Closes the bar so your next print will be on another line

log()[source]

logs stats about the progression, without printing anything on screen

saveLogs(filename)[source]

dumps logs into a nice pickle

update(label='', forceRefresh=False, log=False)[source]

the function to be called at each iteration. Setting log = True is the same as calling log() just after update()

## Useful functions¶

This module is a bunch of handy bioinfo functions.
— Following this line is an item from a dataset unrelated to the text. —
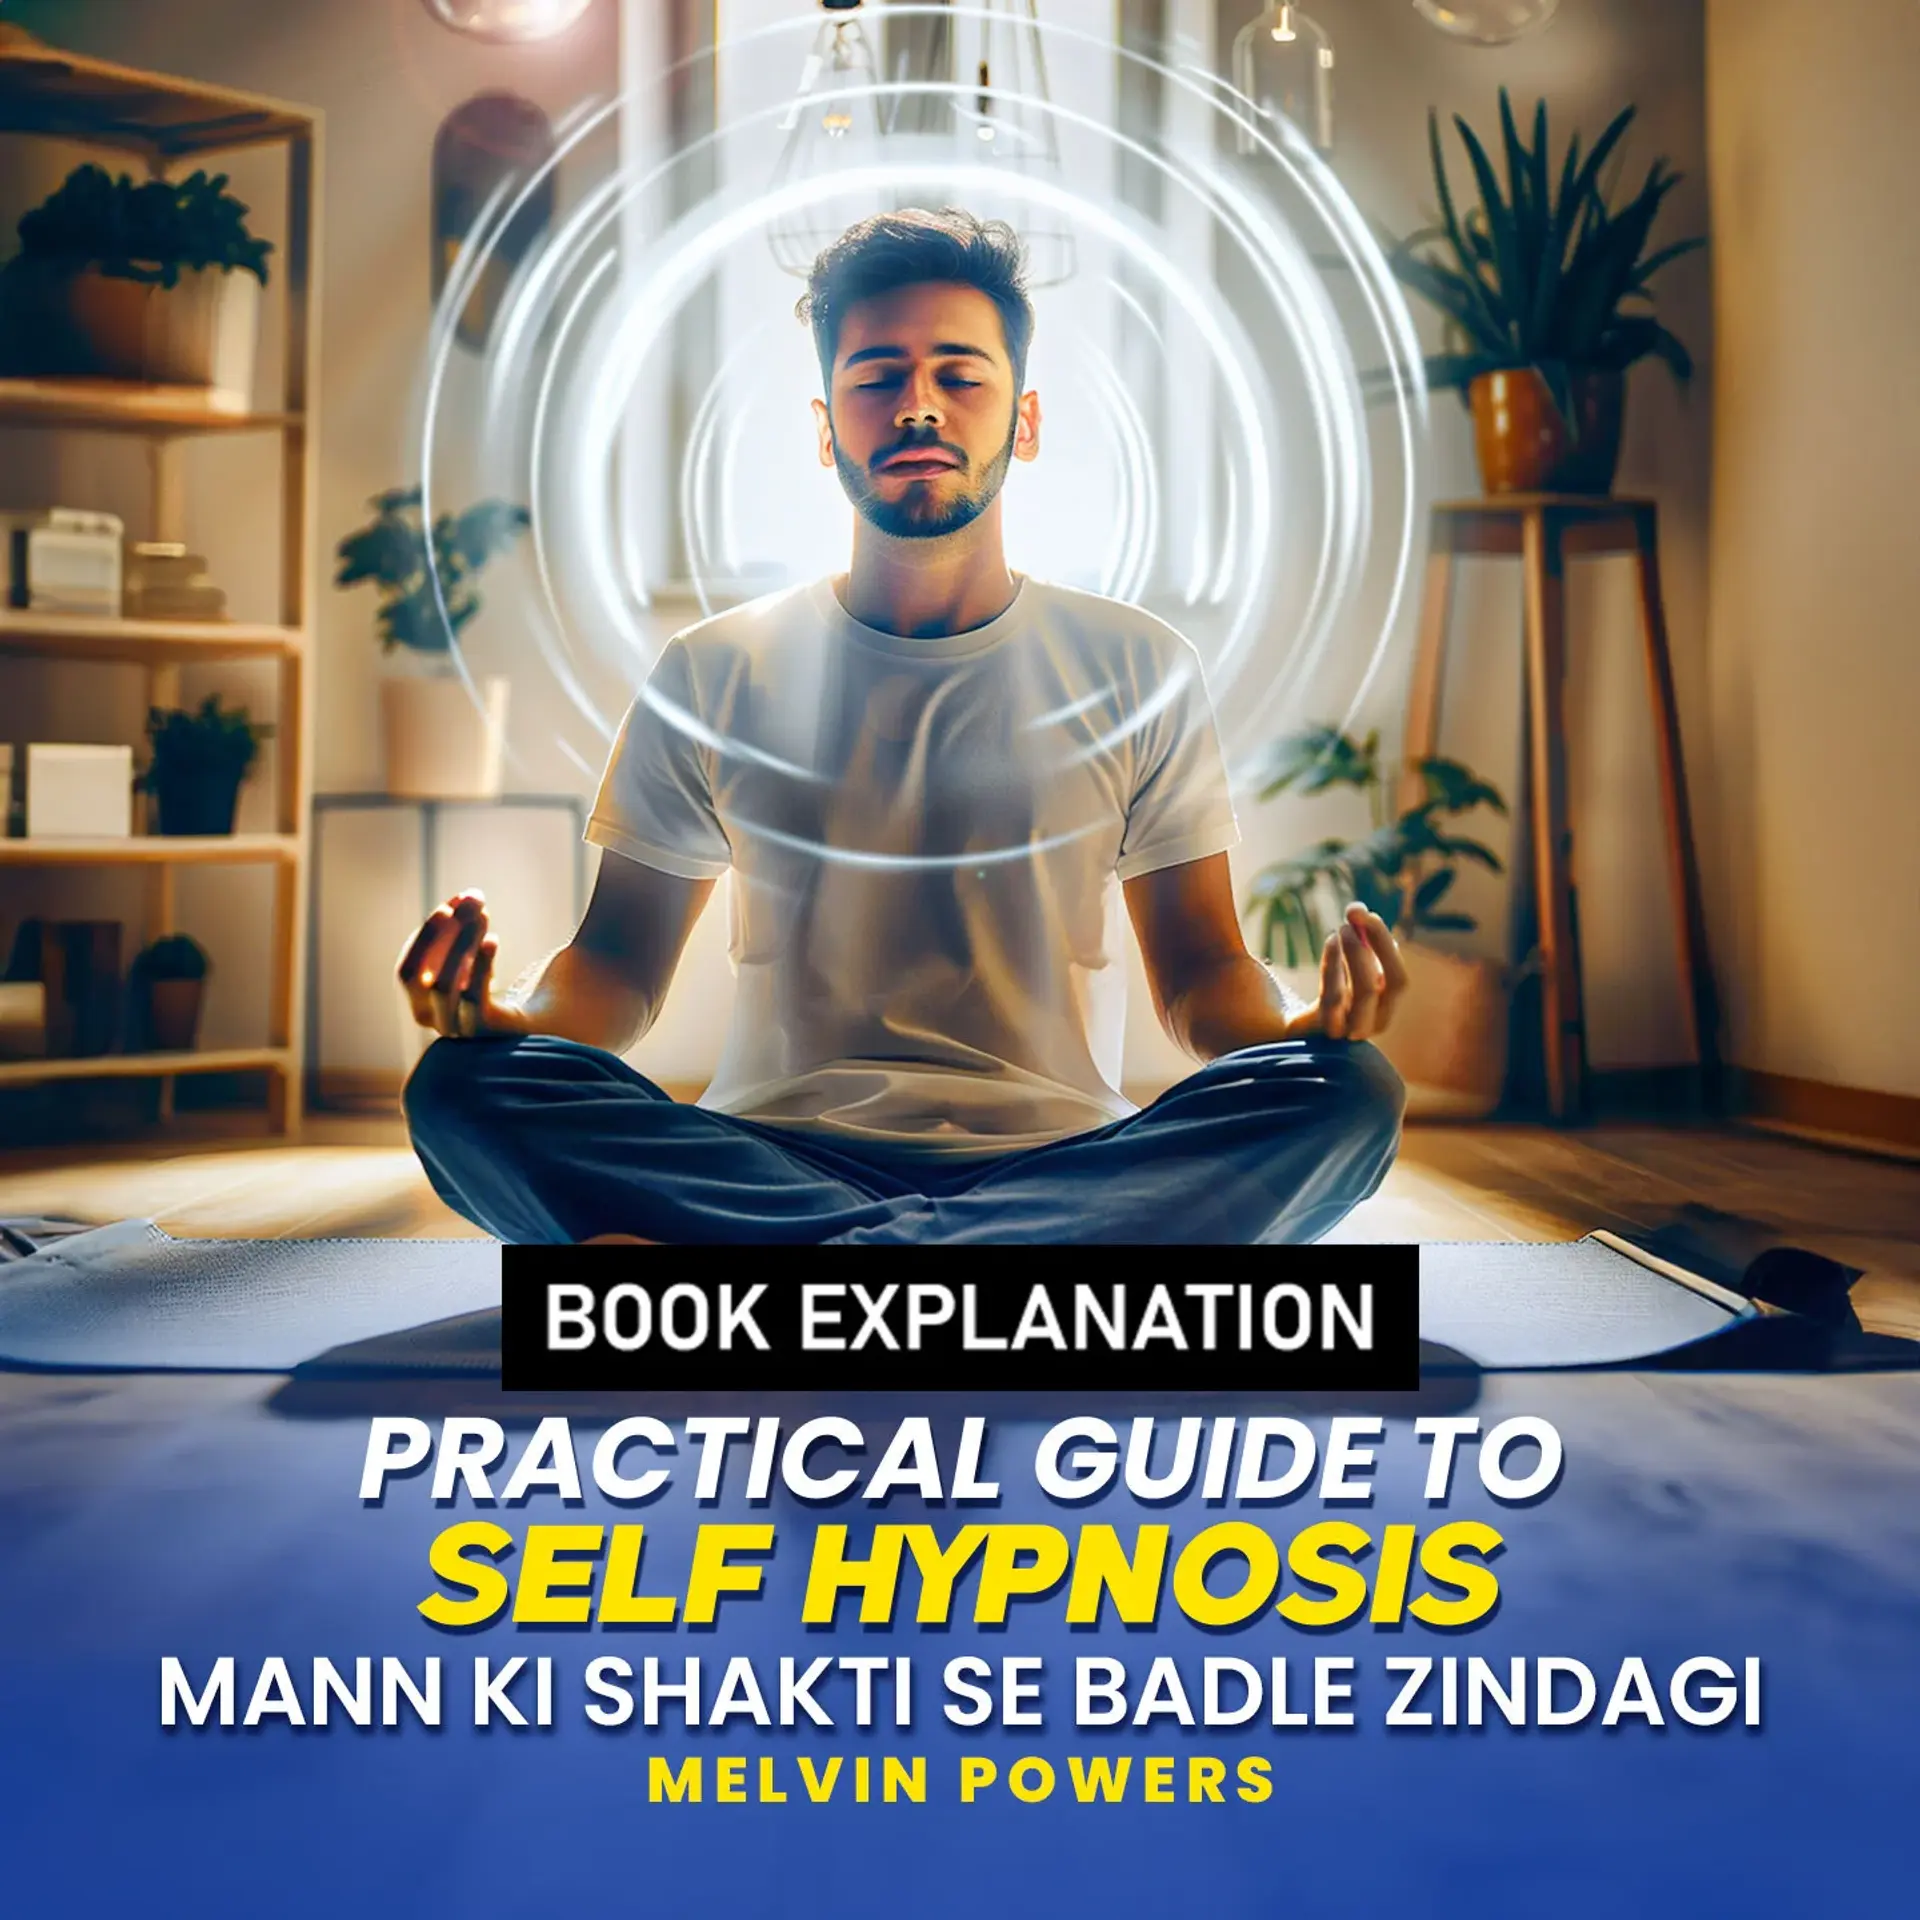 A Practical Guide to Self-Hypnosis - Mann Ki Shakti se Badle Zindagi  |

tools.UsefulFunctions.complement(seq)[source]

returns the complementary sequence without inversing it

tools.UsefulFunctions.complementTab(seq=[])[source]

returns a list of complementary sequence without inversing it

tools.UsefulFunctions.decodePolymorphicNucleotide(nuc)[source]

the opposite of encodePolymorphicNucleotide, from ‘R’ to [‘A’, ‘G’]

tools.UsefulFunctions.decodePolymorphicNucleotide_str(nuc)[source]

same as decodePolymorphicNucleotide but returns a string instead of a list, from ‘R’ to ‘A/G

tools.UsefulFunctions.encodePolymorphicNucleotide(polySeq)[source]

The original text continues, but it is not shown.